Well there's a few parts to this question - in general a good rule of thumb is to run no more threads than you have logical processors - though this is usually for the whole system, and may depend on load. To find out how many physical processor cores you have, you can use cat /proc/sysinfo
. It'll print a set of lines for each logical core so scroll down and look at the last one (I have 8 almost identical ones on my quad core, HT system)

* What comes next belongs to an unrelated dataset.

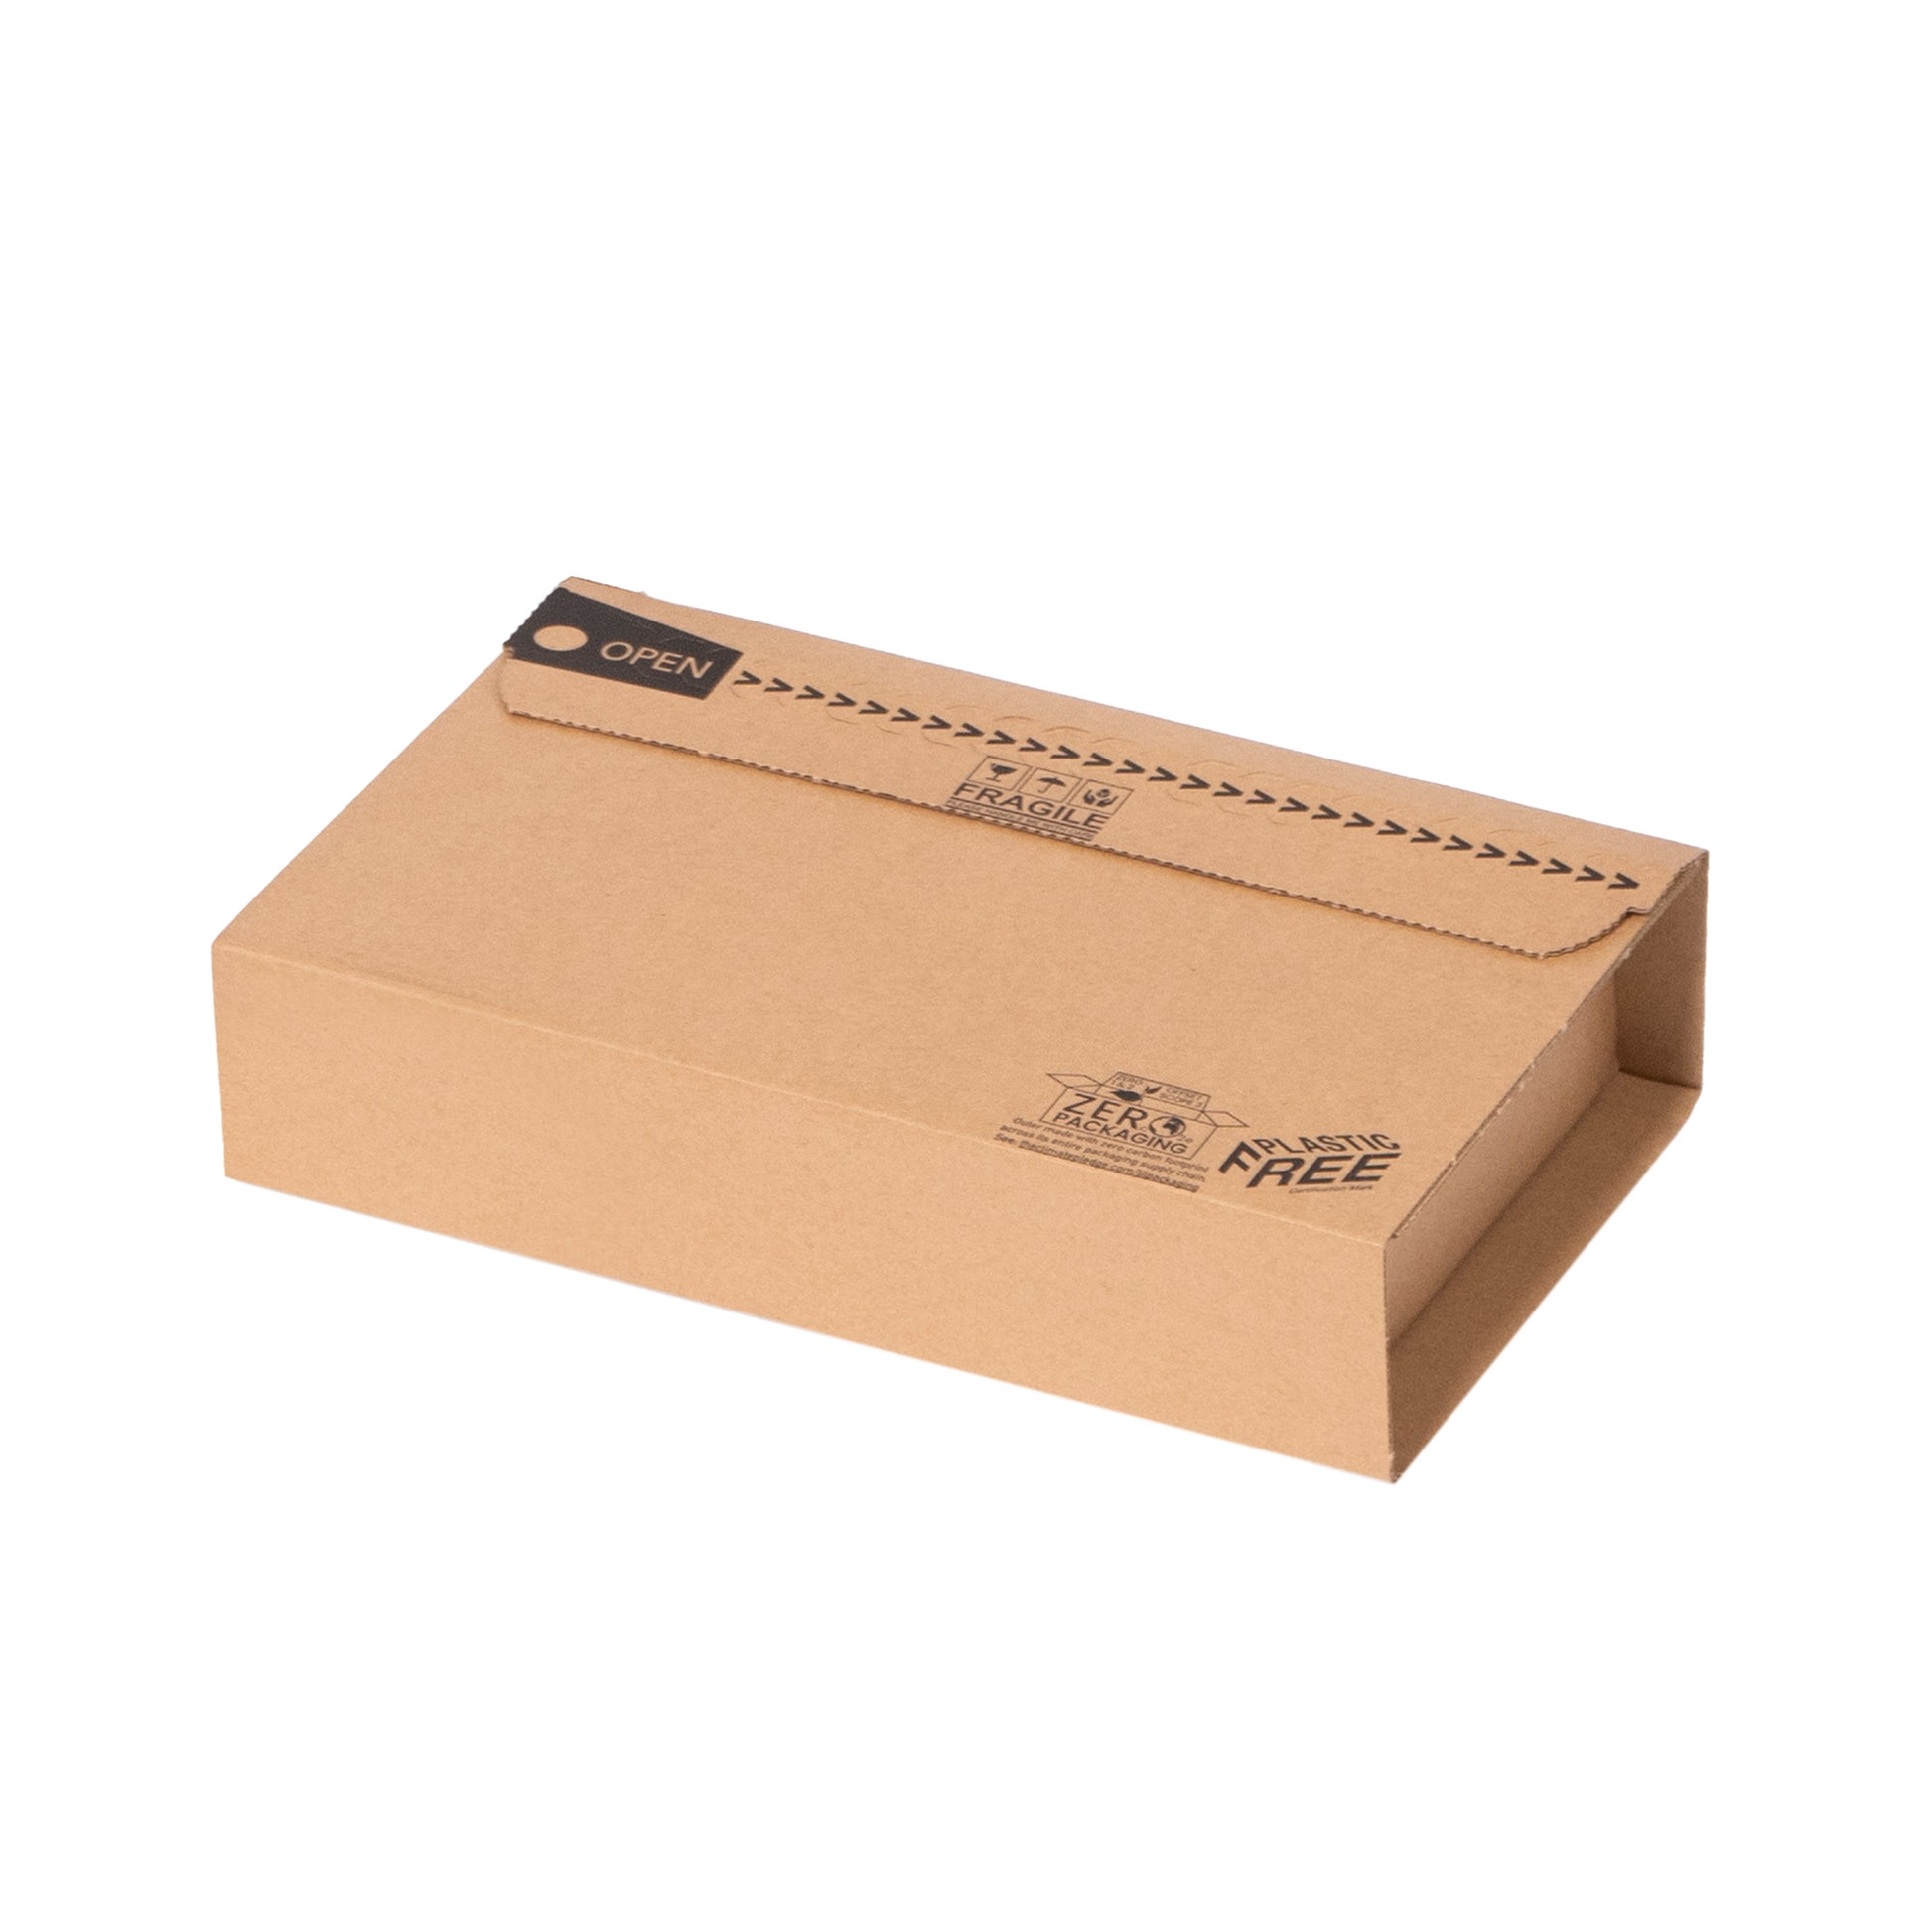 C1 Book Wrap Cardboard Packaging | Lil Packaging

processor : 7 vendor_id : GenuineIntel cpu family : 6 model : 58 model name : Intel(R) Core(TM) i7-3770 CPU @ 3.40GHz stepping : 9 microcode : 0x16 cpu MHz : 3401.000 cache size : 8192 KB physical id : 0 siblings : 8 core id : 3 cpu cores : 4 apicid : 7 initial apicid : 7 fpu : yes fpu_exception : yes cpuid level : 13 wp : yes flags : fpu vme de pse tsc msr pae mce cx8 apic sep mtrr pge mca cmov pat pse36 clflush dts acpi mmx fxsr sse sse2 ss ht tm pbe syscall nx rdtscp lm constant_tsc arch_perfmon pebs bts rep_good nopl xtopology nonstop_tsc aperfmperf pni pclmulqdq dtes64 monitor ds_cpl vmx smx est tm2 ssse3 cx16 xtpr pdcm pcid sse4_1 sse4_2 x2apic popcnt tsc_deadline_timer aes xsave avx f16c rdrand lahf_lm ida arat epb xsaveopt pln pts dtherm tpr_shadow vnmi flexpriority ept vpid fsgsbase smep erms bogomips : 6819.66 clflush size : 64 cache_alignment : 64 address sizes : 36 bits physical, 48 bits virtual power management:
I'll pick out the important lines here physical id: 0 (this is the first socket - if you use more than one socket then check the processor and cpu cores for each physical jd - if this is a number greater than 0 you have multiple sockets)

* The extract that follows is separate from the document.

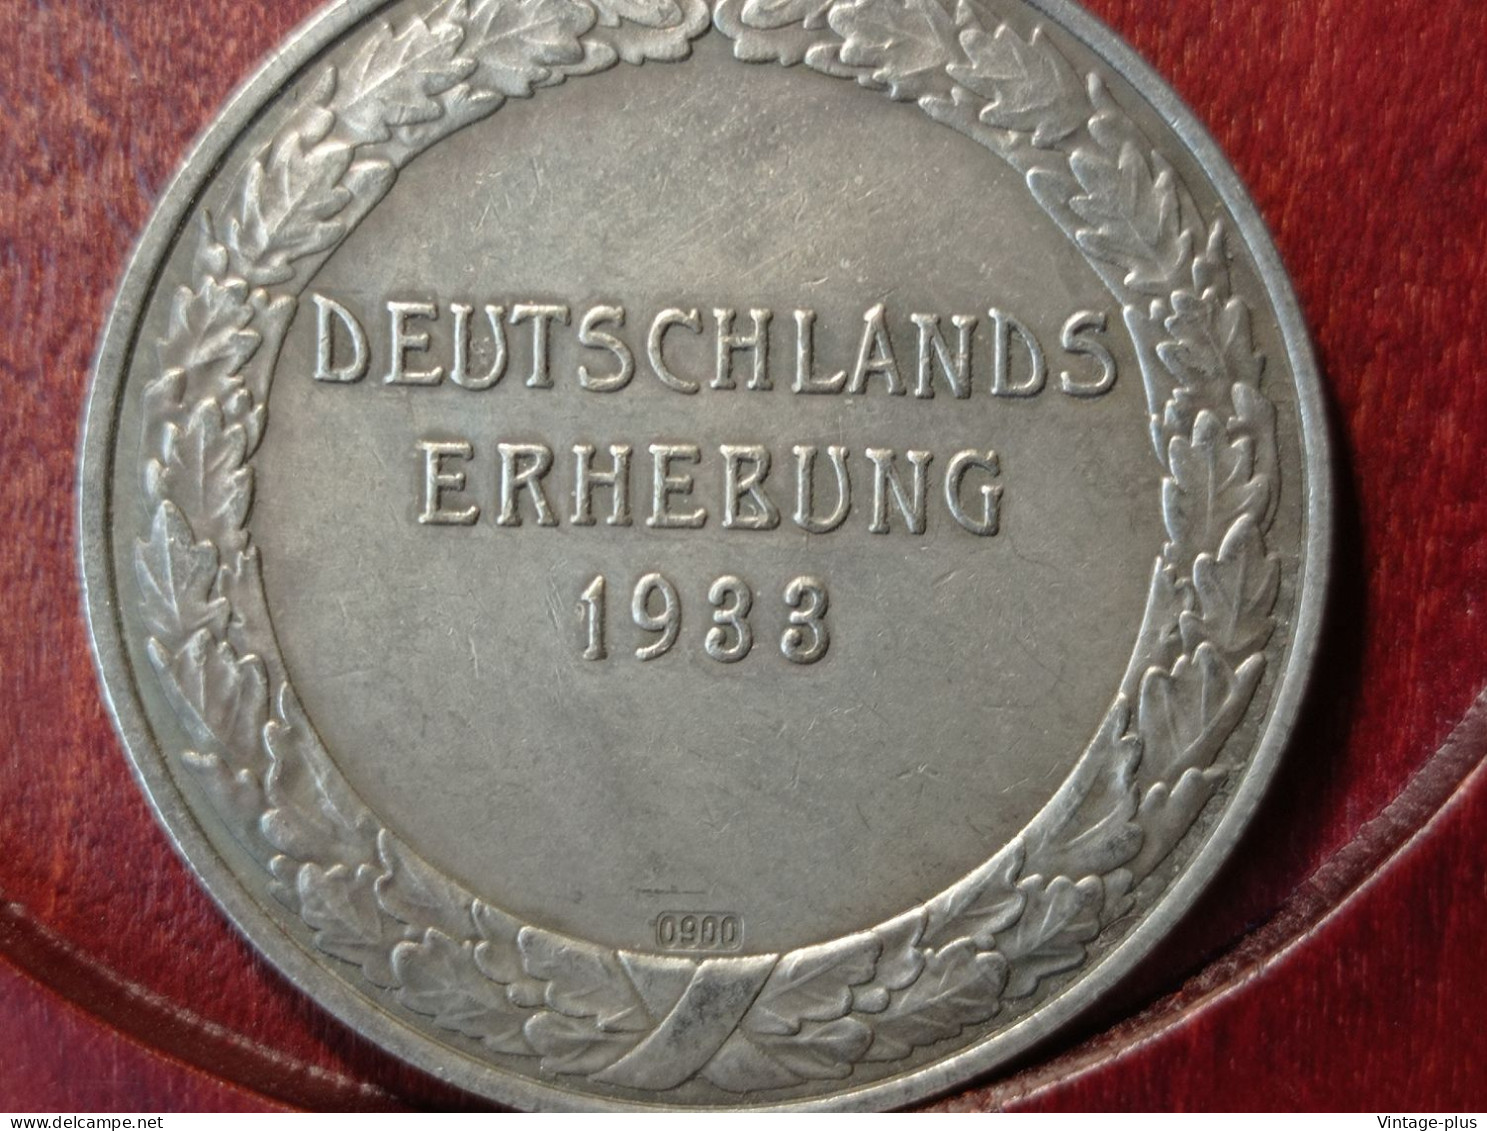 GERMANIA 3° REICH MONETA COMMEMORATIVA DEUTSCHLANDS ERHEBUNG1933 HITLER HINDENBURG  - ALLEMAGNE - DEUTSCHLAND - COD:AB8 - Sonstige – Europa

Processor : 7 (This number starts from 0, to n-1,this is the 8th logical core in its socket - looking at the largest number you have for a set of values sharing a physical id )
cpu cores : 4 (I have 4 physical cores - this will be the same for every core, and and since SMP generally uses identical cores, should be the same on a dual socket system)
My processor should allow me to run 8 threads simultaneously, assuming a core per thread. That said, depending on the run time, and other factors you may be able to get away with more
SO has quite a few questions on this and picking two of those, the answers to this question suggest that one thread per logical core is a good idea though this one suggests you may be able to go higher. As such, unfortunately the answer is to start with one thread per process, and tune it higher - which may be an insanely high number of threads, if they arn't long running, memory hungry threads.